Another tank engagement took place on March 3, 1969, again at Ben Het in Kon Tum Province near the Laotian border. In a night assault, the North Vietnamese with PT-76 tanks attacked a US Special Forces camp. The garrison, which had been reinforced with a platoon of M48A3 main battle tanks from the 1st Battalion, 69th Armor Regiment, stood their ground. The North Vietnamese fired 639 artillery and mortar rounds into the camp, before a battalion from the 66th NVA Regiment supported by ten PT-76s and a few APCs attacked the west hill held by a CIDG company supported by the platoon of M48s. The PT-76s drove into a minefield in which one was destroyed. One more PT-76 and one APC were destroyed by the M48s. US casualties consisted of one M48 being lightly damaged.

The Easter Offensive, officially, the Nguyễn Huệ Offensive and also (Chiến dịch Xuân hè 1972 in Vietnamese), was a military campaign heavy with armoured forces and tanks conducted by the People's Army of Vietnam (PAVN, the regular army of North Vietnam) against the Army of the Republic of Vietnam (ARVN, the regular army of South Vietnam) and the United States military between 30 March and 22 October 1972, during the Vietnam War. This conventional invasion (the largest offensive operation since 300,000 Chinese volunteers had crossed the Yalu River into North Korea during the Korean War) was led by armoured forces. Two PAVN divisions (the 304th and 308th - approximately 30,000 troops) supported by more than 100 tanks (in two regiments) rolled over the Demilitarized Zone to attack I Corps, the five northernmost provinces of South Vietnam. The North Vietnamese moved out of Laos along Route 9, past Khe Sanh, and east into the Quảng Trị River Valley of South Vietnam. The PAVN advance was followed by antiaircraft units armed with new ZSU-57-2 tracked weapon platforms and man-portable, shoulder-fired Grail missiles, which made low-level bombing attacks against the columns of tanks hazardous.

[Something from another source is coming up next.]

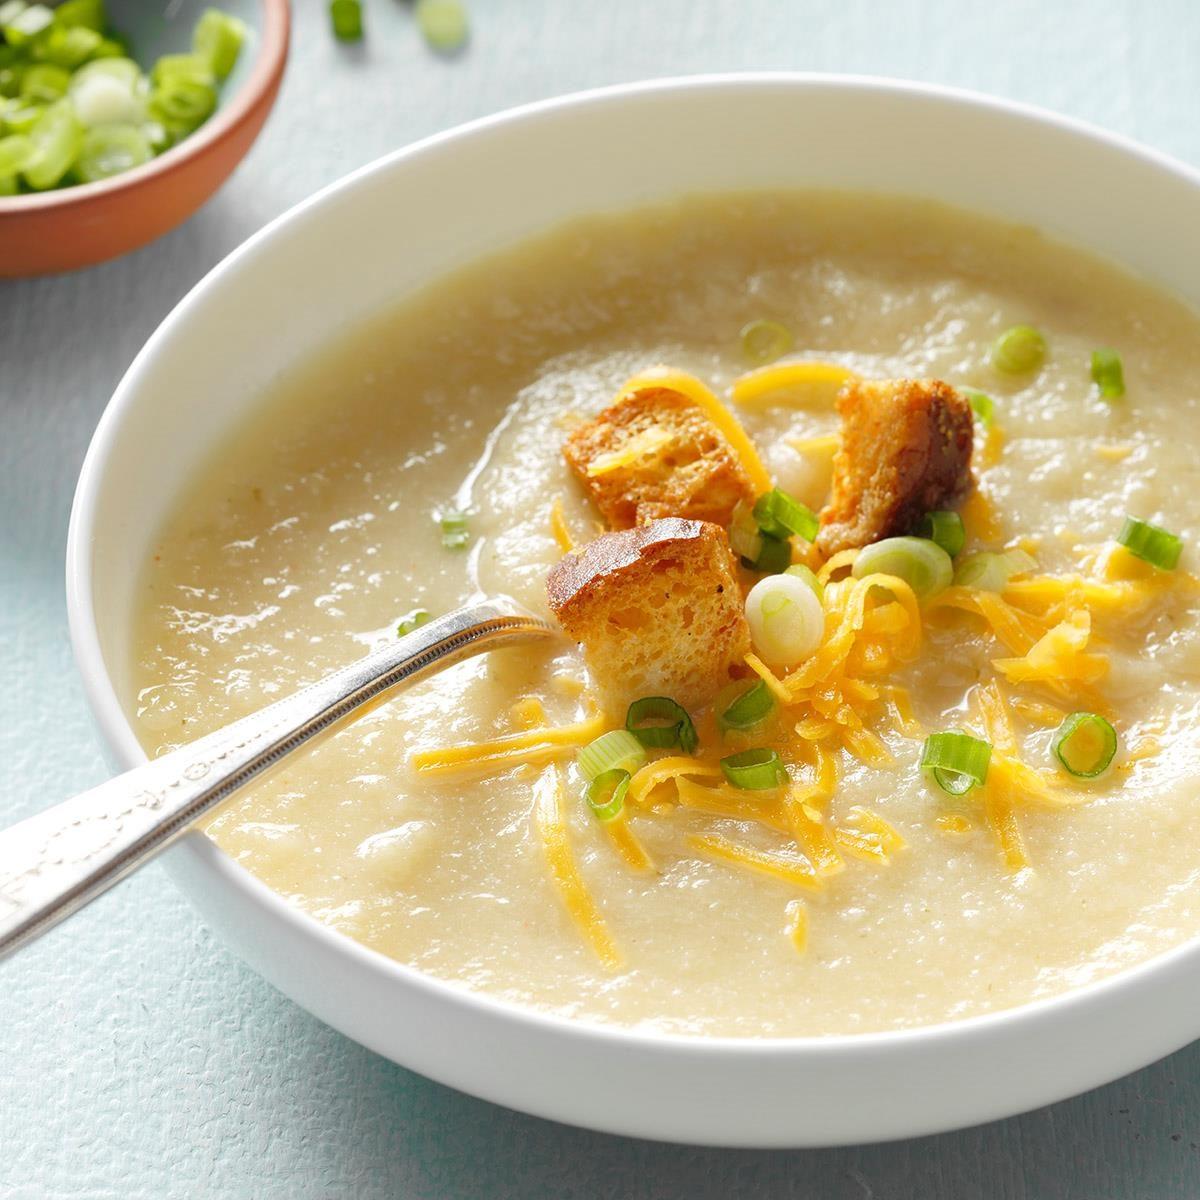 Slow cooker creamy cauliflower soup

North Vietnamese T-54 tank knocked out in An Lộc by U.S. Army AH-1 Cobra helicopter gunship

On May 9, 1972, the North Vietnamese tanks unwittingly participated in changing the story of armoured warfare. On April 24, 1972, a US special experimental UH-1B helicopter team, consisting of two helicopters mounting the new XM26 TOW anti-tank missile (Tube Launched, Optically Tracked, Wire guided), accompanied by technicians from Bell Helicopters and the Hughes Aircraft Corporation, arrived in the country. The team, labelled the 1st Combat Aerial TOW Team, deployed to the Central Highlands in Vietnam and commenced gunnery training. From May 2, the team made daily flights in search of enemy armour. On May 9, NVA armoured units attacked the Ranger camp at Ben Het; the TOW team destroyed three PT-76s and broke up the attack.

On May 26, 1972, the North Vietnamese Army moved with armoured forces on the city of Kon Tum. TOW aircraft were brought in at first light and found NVA tanks moving almost at will through portions of the city. Conventional air strikes would prove risky to friendly forces, but the TOW proved to be ideal for picking off enemy tanks. At the end of the first day, the two TOW helicopters had destroyed nine tanks and damaged one more. Five of the destroyed tanks had been T-54/55s and the remaining four destroyed and one damaged were PT-76s. By the end of the month, TOW missiles launched from helicopters had 24 were tanks.

But in the end, as South Vietnamese forces crumbled, it was a T-54 tank of the North Vietnamese Army that bulldozed through the main gate of the Presidents at 10:45 on 30 April 1975, ending the Vietnam War.

====Middle East conflicts====

=====Six-Day War=====

Syrian T-34 tank conversion designated a T-34/122 with 122 mm D-30 howitzer.

Flat margin between an Egyptian T-54/55's turret and angled glacis, one of the few areas on the tank vulnerable to 90mm HEAT munitions.

Prior to the Six-Day War in 1967, the Arab armies had fought with a mixture of weapons mostly British, although Egypt acquired American M4A4 tanks and fitted them with the diesel engine of M4A2 and the FL-10 turret of the French AMX-13 light tank. Syria possessed at least one M4A1 chassis at some time during 1948–1956. But after the Suez Crisis in 1956 they built up their arsenal mainly with Soviet arms. It is known the Syrians got upgraded T-34-85s which they called T-34/55. This unit was a Syrian modernization of Soviet-made T-34-85s earlier with an anti-aircraft machine gun fitted to the commander's cupola and other upgrades. The Syrians also acquired a T-34 tank conversions designated a T-34/122 made into a self-propelled howitzer armed with a 122 mm D-30 howitzer.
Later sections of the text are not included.